** Dataset content **
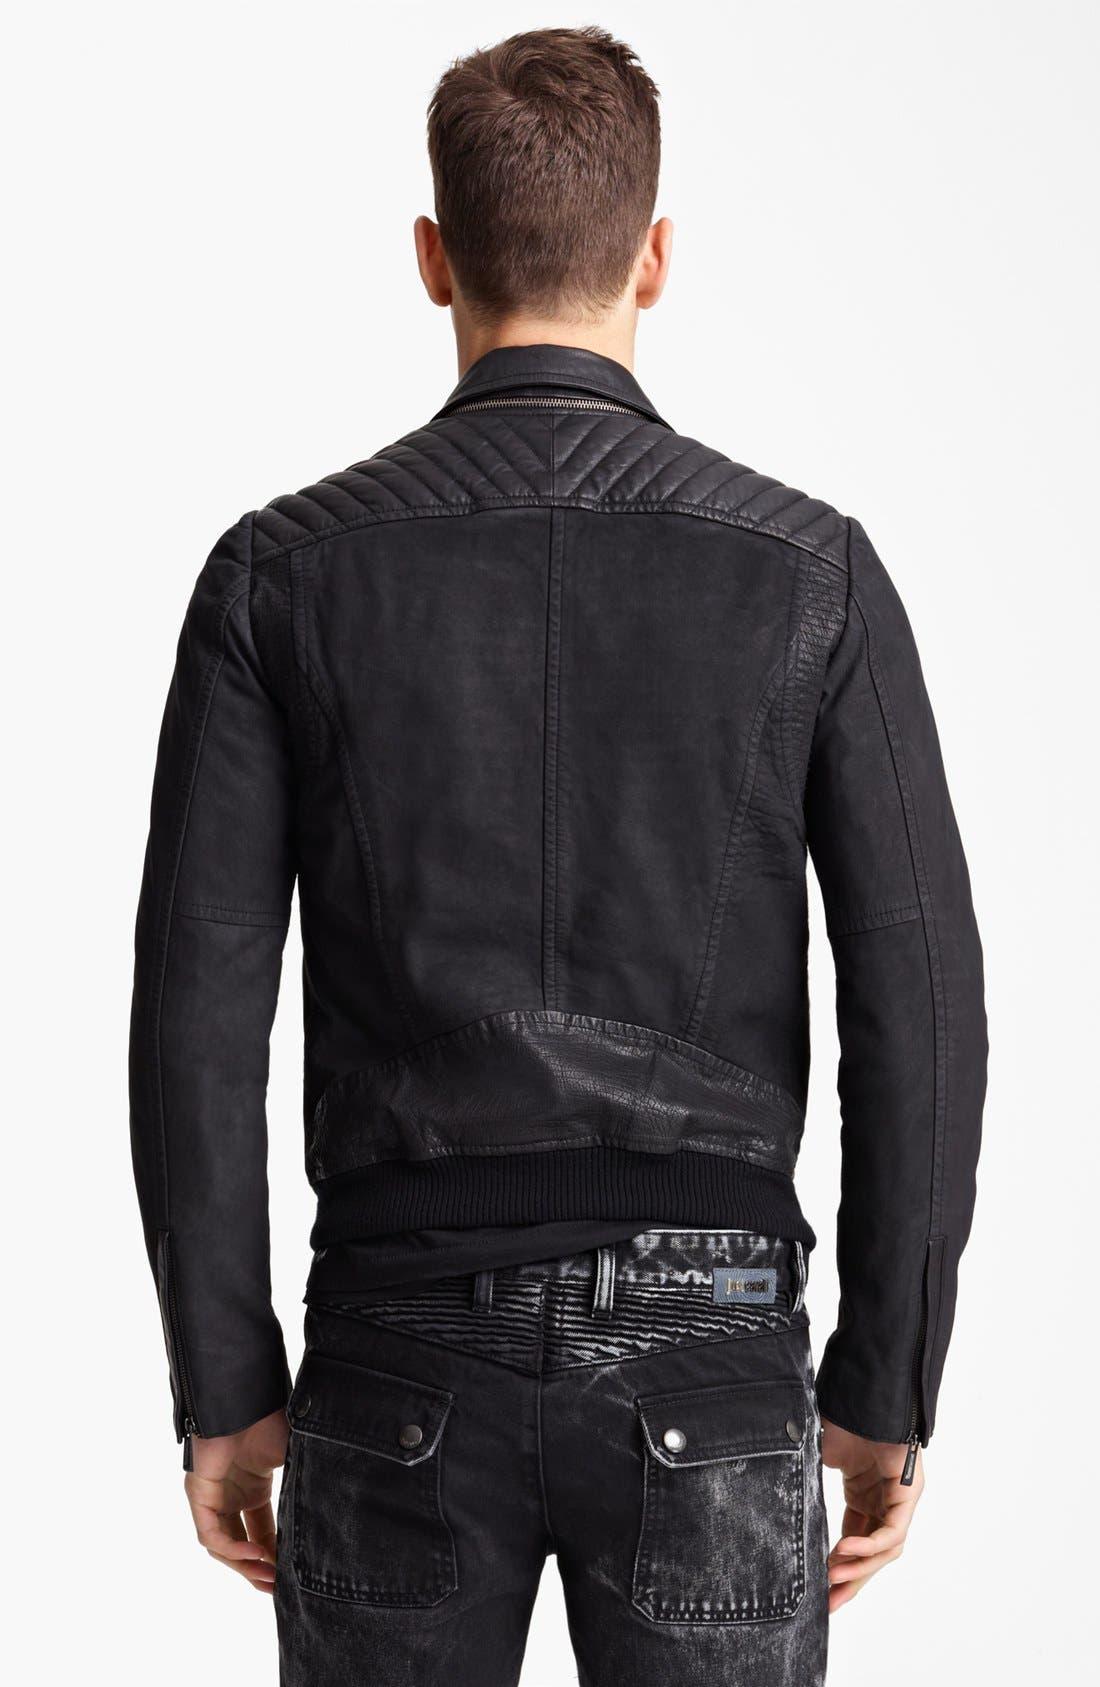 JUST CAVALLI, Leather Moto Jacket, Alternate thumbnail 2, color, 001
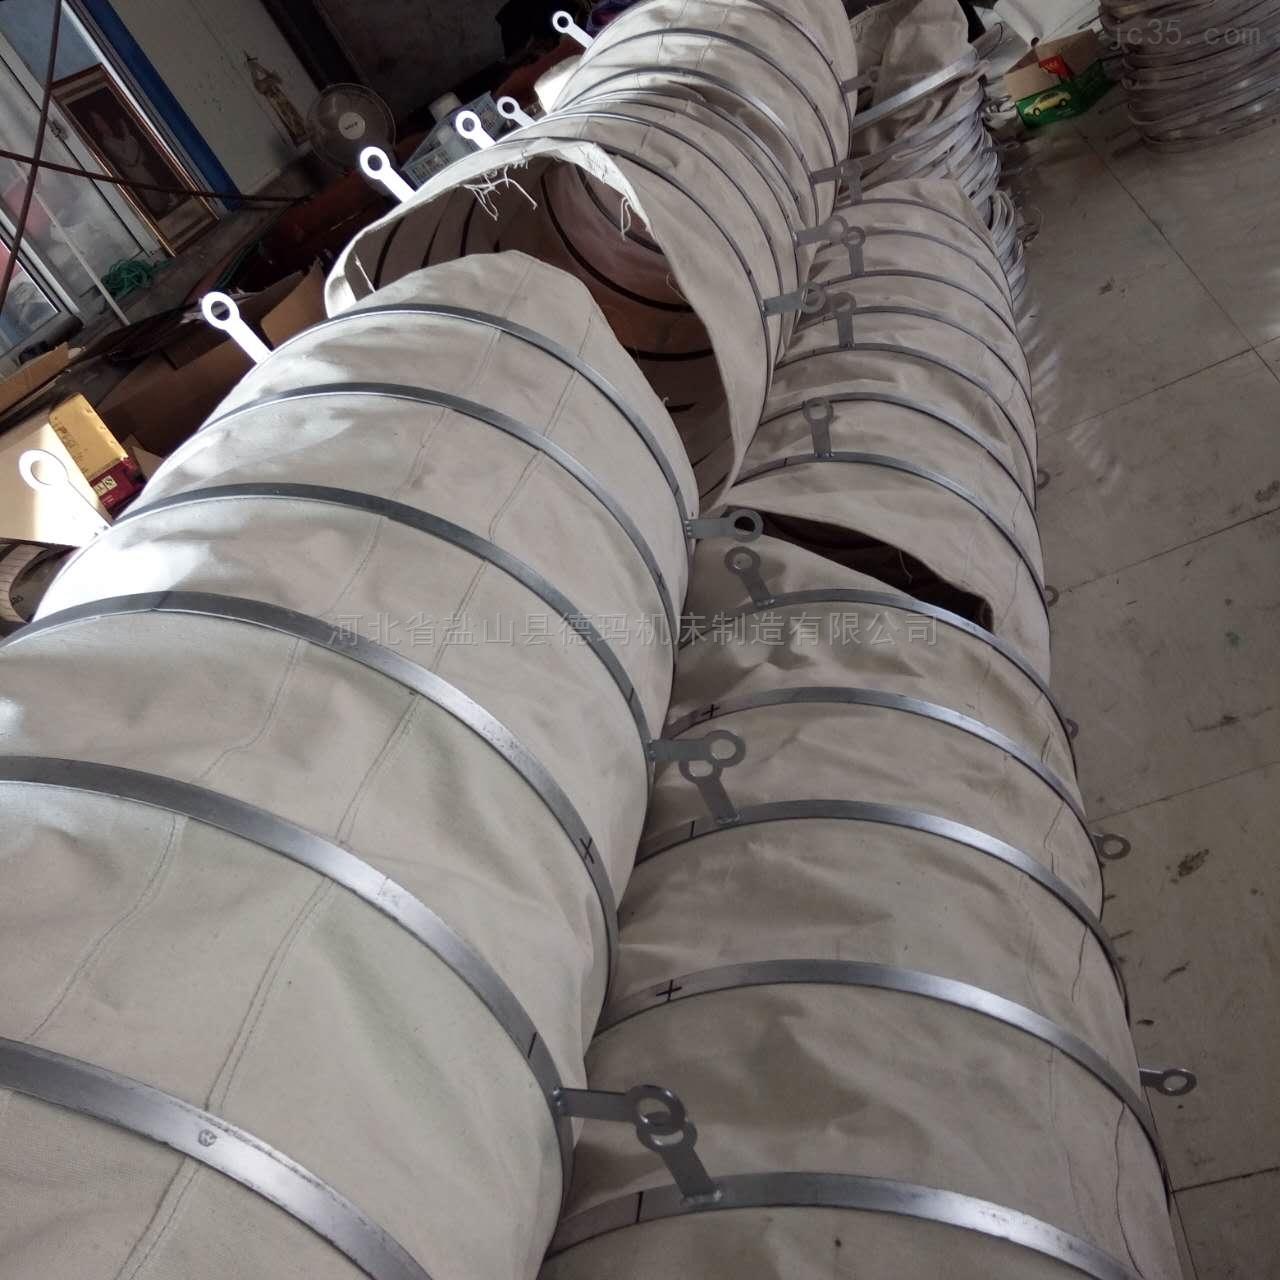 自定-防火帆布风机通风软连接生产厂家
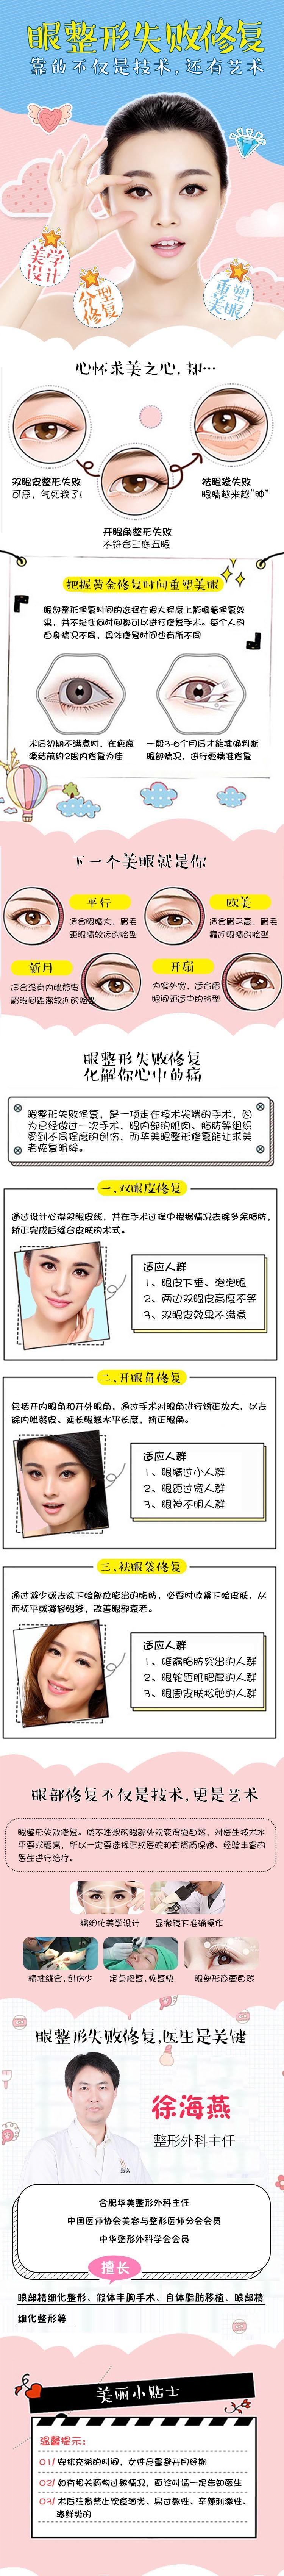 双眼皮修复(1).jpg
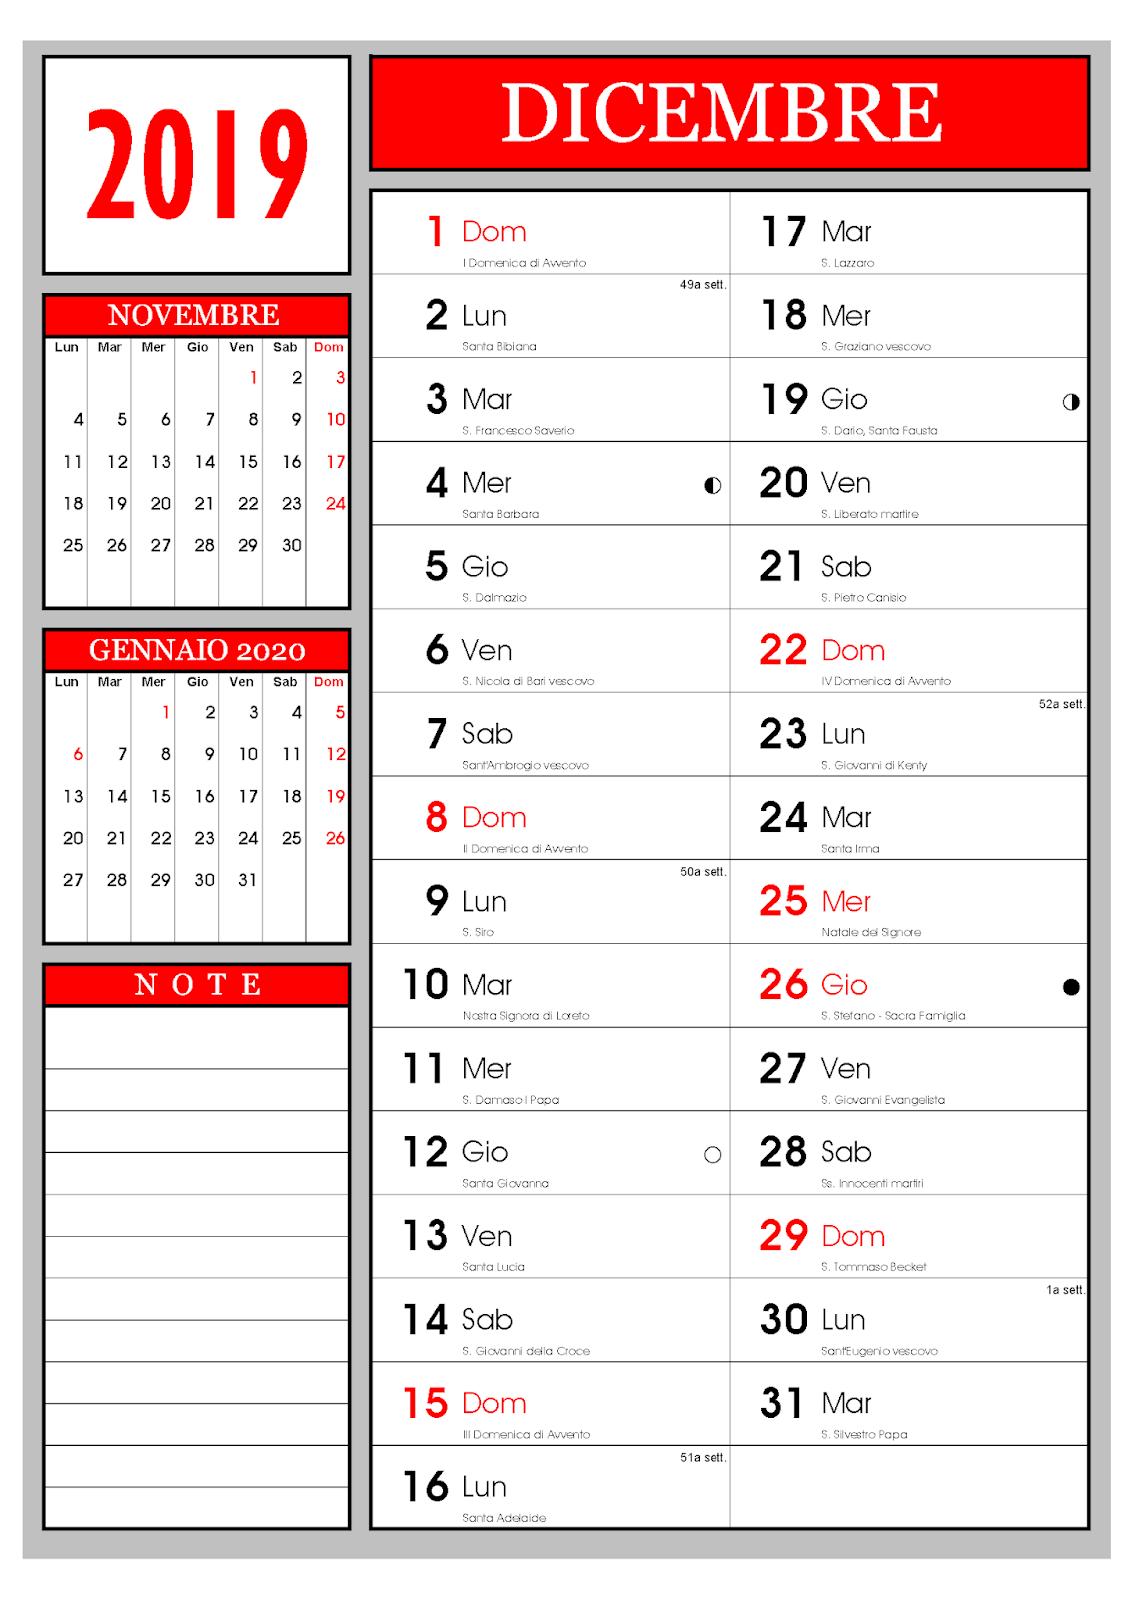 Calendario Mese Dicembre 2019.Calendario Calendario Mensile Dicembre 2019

** The task **
Copy all the material word for word, minus its pictures.

** Response box **
 JUST CAVALLI, Leather Moto Jacket, Alternate thumbnail 2, color, 001
 自定-防火帆布风机通风软连接生产厂家
 双眼皮修复(1).jpg
 Calendario Mese Dicembre 2019.Calendario Calendario Mensile Dicembre 2019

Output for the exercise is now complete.